Bello, who was represented by the Assistant Director, Compliance, Monitoring and Enforcement Division, Mrs Celin Ifeora, explained that the delay of an economic regulator made it difficult for Nigerians and stakeholders to fully enjoy the gains of port concession.

“The Nigerian Shippers’ Council was appointed the economic regulator in Feb 2004 to regulate and control the development and conducts of all economic activities in Nigerian ports which include to control tariff, rates and charges and to improve operational efficiency, to encourage competition, among others,”

He stressed: “In a liberalised industry like our ports, the role of an economic regulator is crucial in protecting and ensuring a level playing field for all stakeholders. The regulator must therefore be allowed to act independently from any market interest when making regulatory decisions. What is important in this regard is the need for the regulator to adhere to consultations and best practice in decision-making. The regulator needs the backing and support of all stakeholders because the regulator cannot do it alone. This is a clarion call for industry stakeholders to join hands with the regulator to make the port industry greater than ever,”

Founder, National Association of Government Approved Freight Forwarders (NAGAFF), Boniface Aniebonam said: “With reference to port user expectations from efficient ports, we are greatly worried about the possibility that we may be elevating failure to the status of world class given the current situation in Nigeria ports in terms of costs.

“If we admit that port concession is over 10 years old, would that be a good excuse for the increase in cargo clearance charges up to 300 per cent or more?”

He therefore urged the government to set up an ad-hoc Committee with Presidential and/or Ministerial mandate to verify and fine tune the current cargo handling practices and charges adopted by terminal operators, pending the establishment of the much-talked about National Transport Commission or an appropriate regulatory authority.
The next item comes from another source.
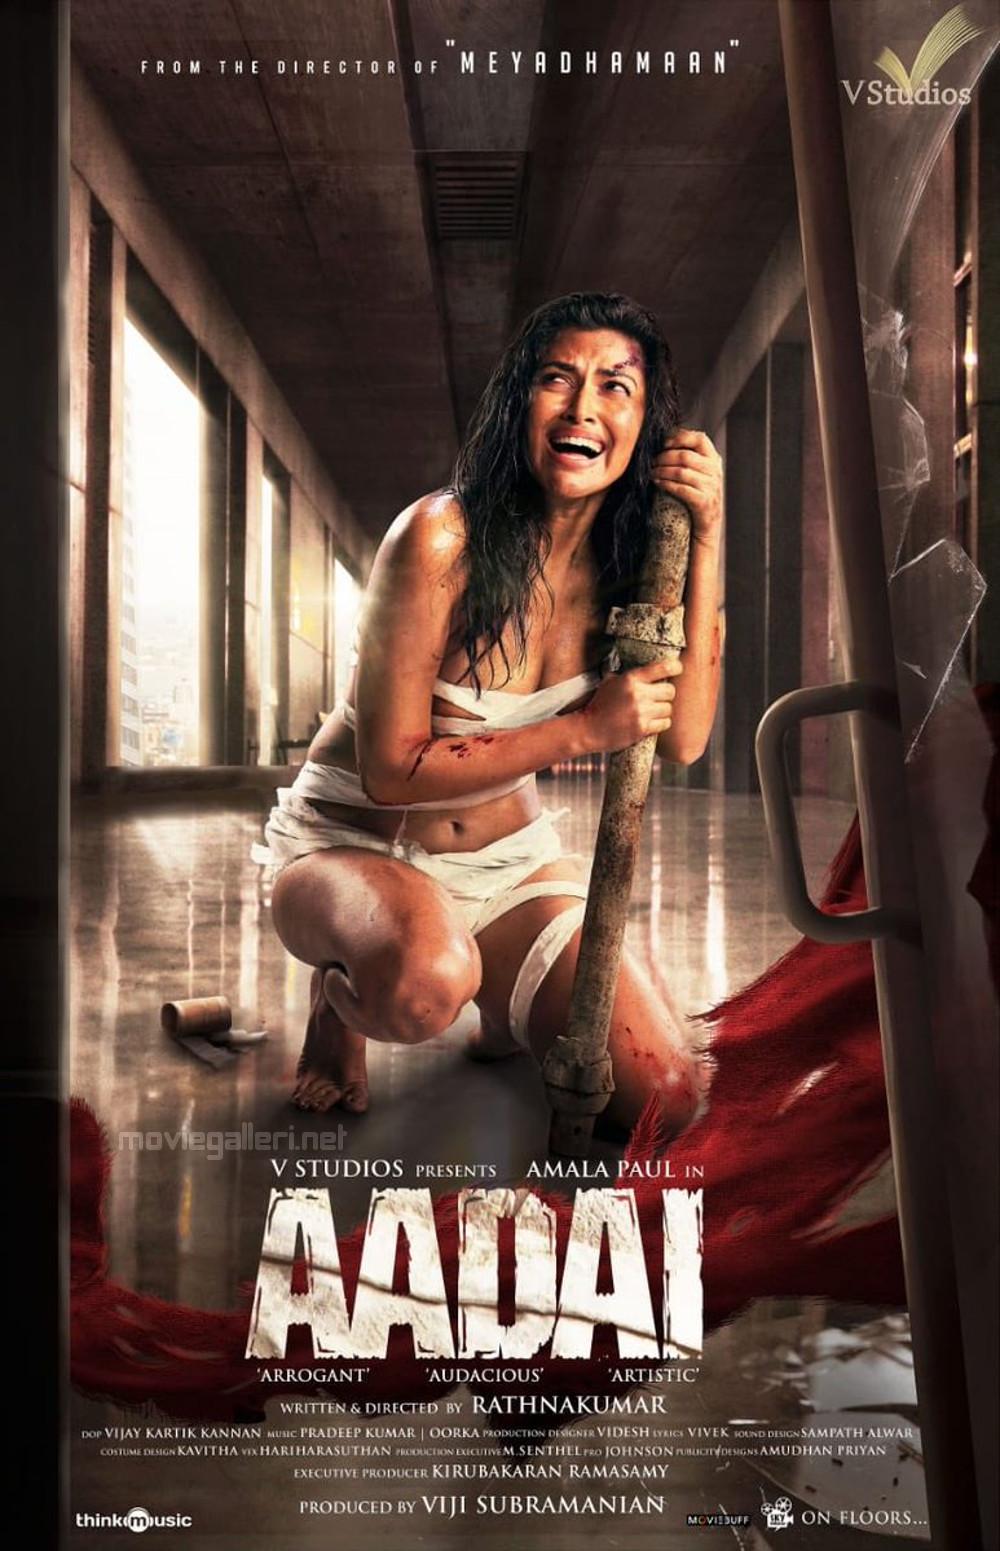 Actress Amala Paul Aadai First Look Poster HD

“We also make bold to say that the existing port challenges will need attention in such a manner that issues relating to local content, safety, security, transfer of technology and capacity building would be properly addressed.

“It should be noted that existing well-trained manpower in the industry are ageing and unless something drastic is done, we could be running into another serious catastrophe, when we will be faced with the problem of inadequate manpower. We sincerely believe if we can re-direct our efforts genuinely towards achieving a remarkable improvement in port efficiency and cost as against what currently obtains, we shall be adding more value to our country’s international trade. It is generally said that if a country has access to the sea, she equally has access to trade.”

Making reference to the law, he said: “We must ensure that our investors are protected at all times. Without prejudice to the fact that shipping concerns are dollar denominated, there is the need for consideration with regard to dollar rates for consideration with regard to dollar rates at the moment. The concessionairs are investors that have invested their hard-earned money. It is the general principle in business world-wide that there must be returns on investment. They deserve their returns of their investment.” He said.

The Publisher of Business and Maritime West Africa, Okey Ibeke said: “It is time for us to reflect passionately beyond the usual simplification of the problems confronting Nigerian ports. Of course, the cost of cargo and terminal handling charges is one of the factors, but without holding brief for the private terminal operators, it does not explain the preference for ports in neighbouring countries.

“If it was all about the import duties and other taxes paid in our ports, how does it make economic sense for an importer to incur double costs as is supposed to be the case when goods destined for Nigeria are shipped in through Cotonou Port in Benin Republic for instance?” Ibeke queried.